EXERCISE DETAILS = Once you reach the line with "Olive Garden Chicken" below, copy each line exactly, stopping after the line with "Furniture Of America", and skip any pictures.

MATERIAL FOR THIS TASK =
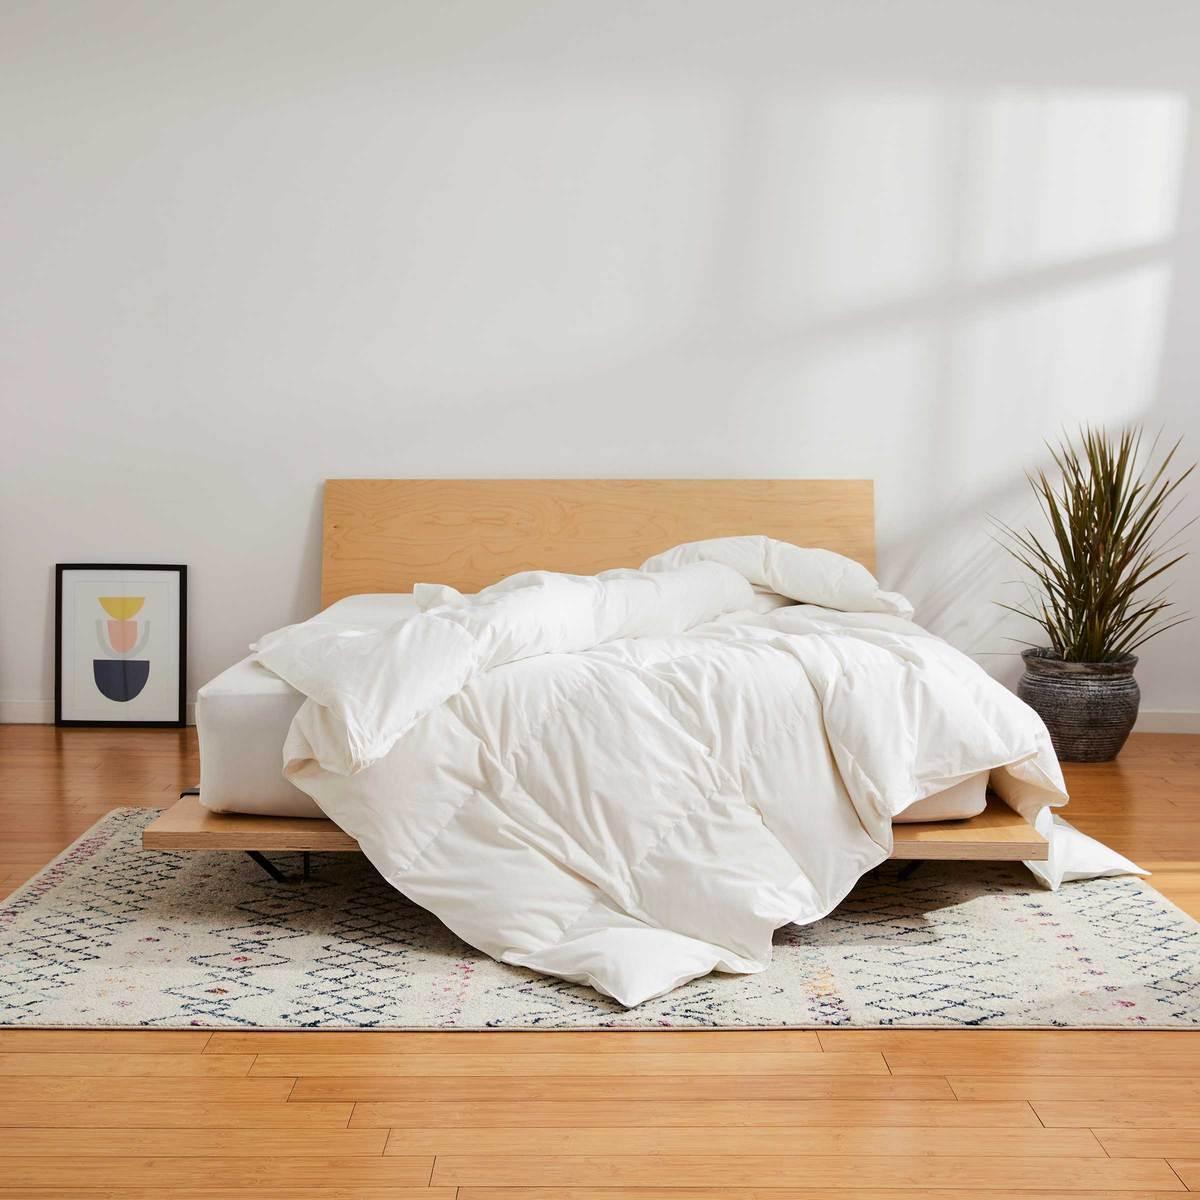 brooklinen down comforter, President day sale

--

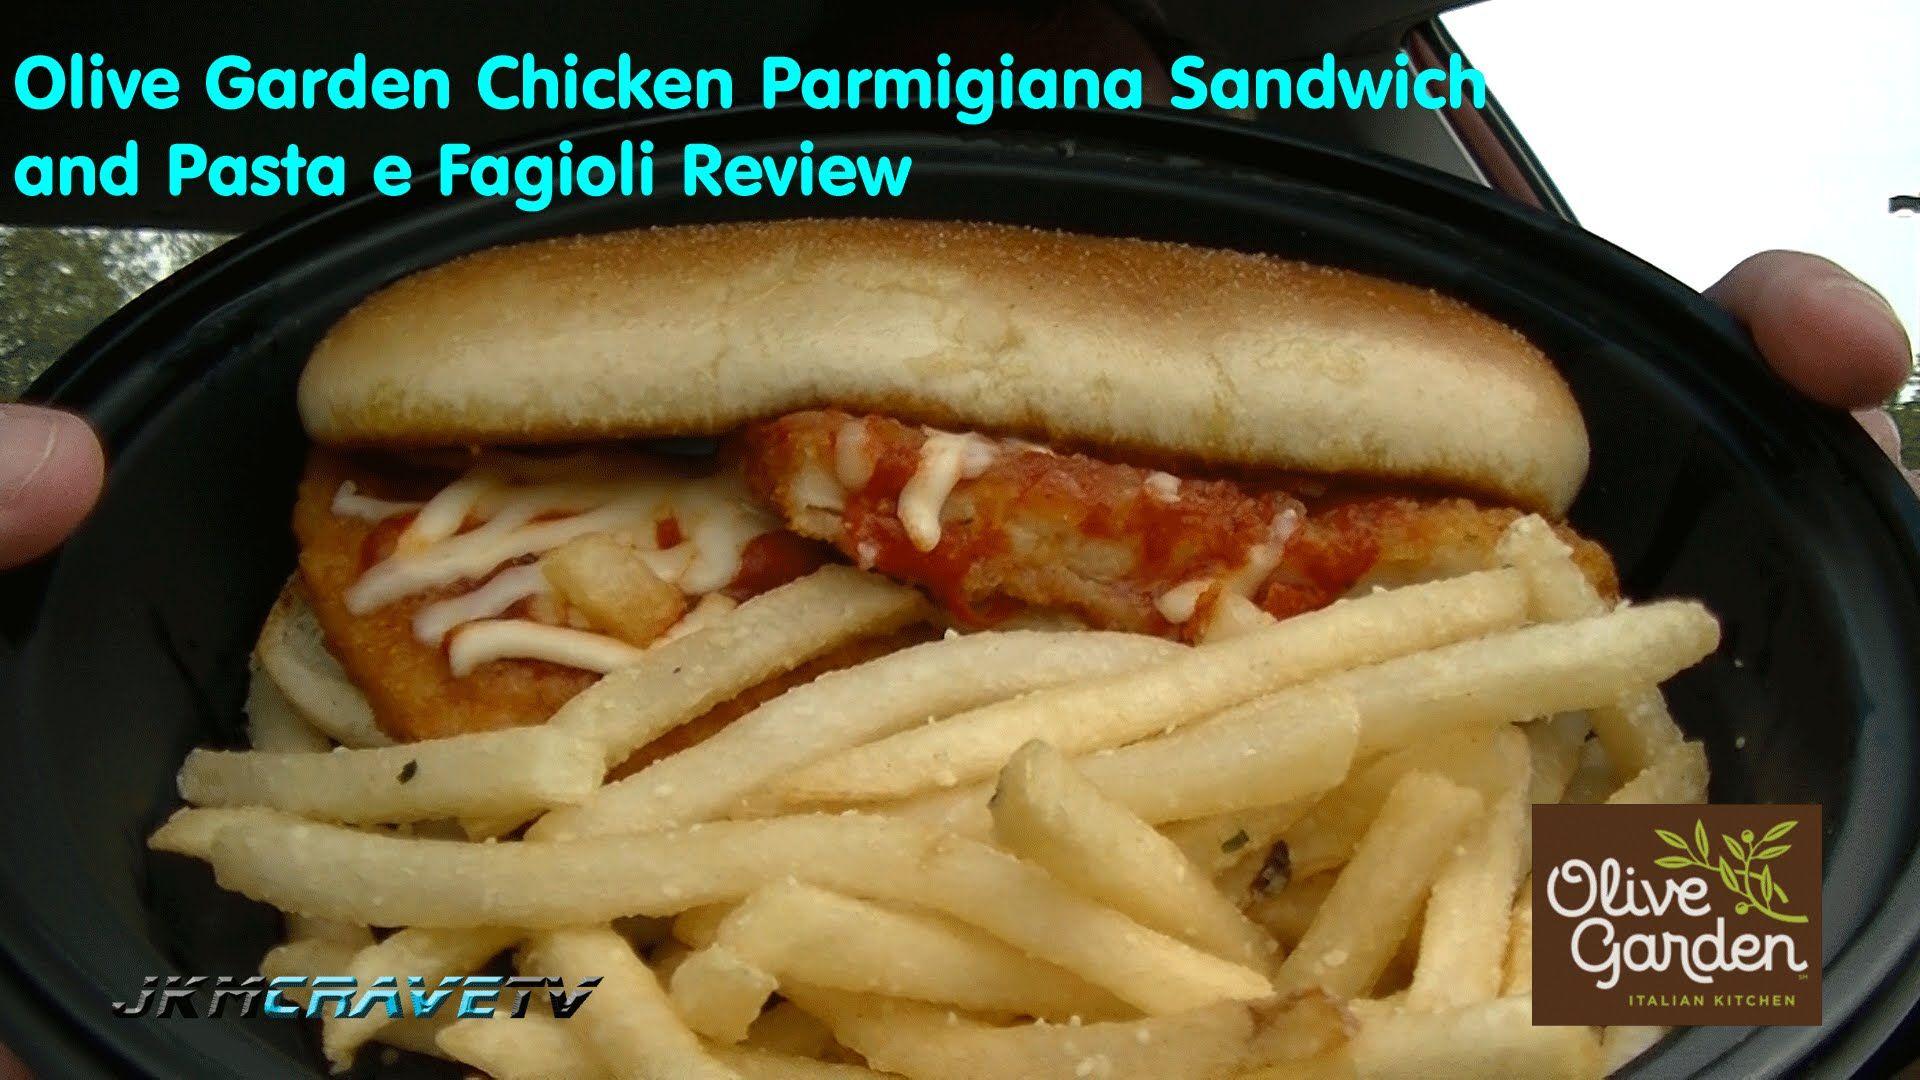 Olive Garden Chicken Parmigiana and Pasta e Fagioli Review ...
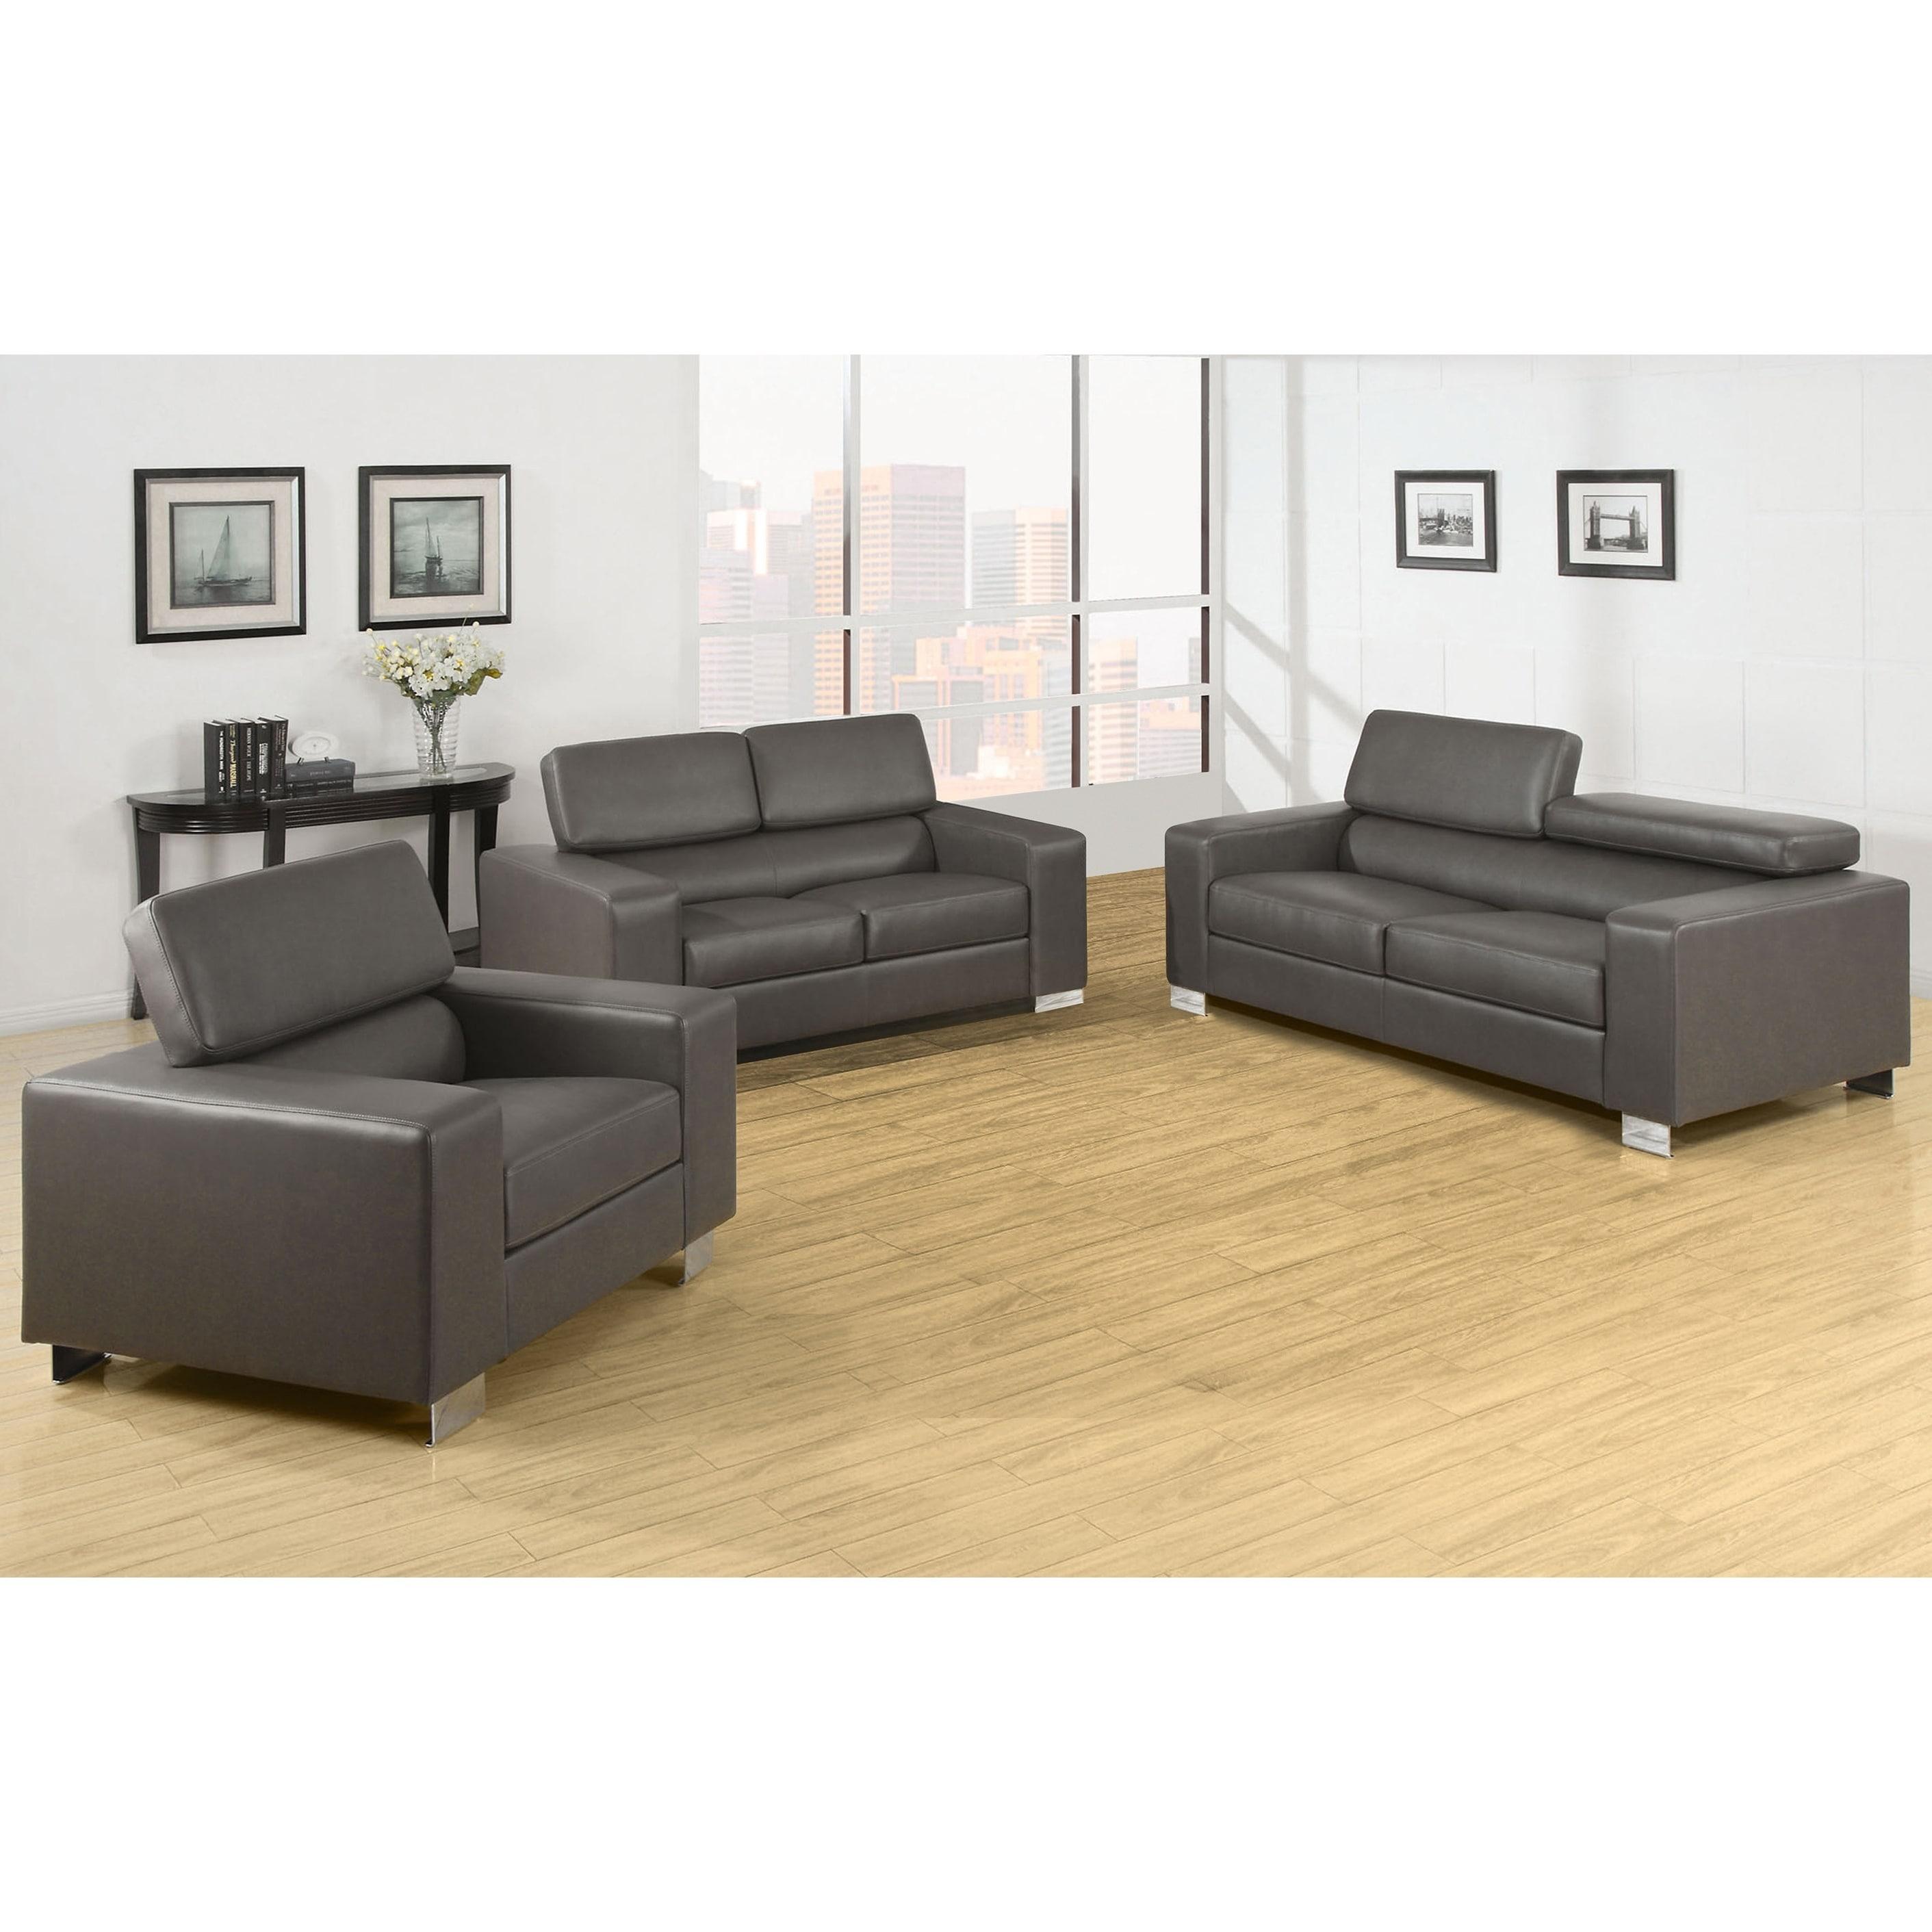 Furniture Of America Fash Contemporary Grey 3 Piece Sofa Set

TASK ANSWER =
 Olive Garden Chicken Parmigiana and Pasta e Fagioli Review ...
 Furniture Of America Fash Contemporary Grey 3 Piece Sofa Set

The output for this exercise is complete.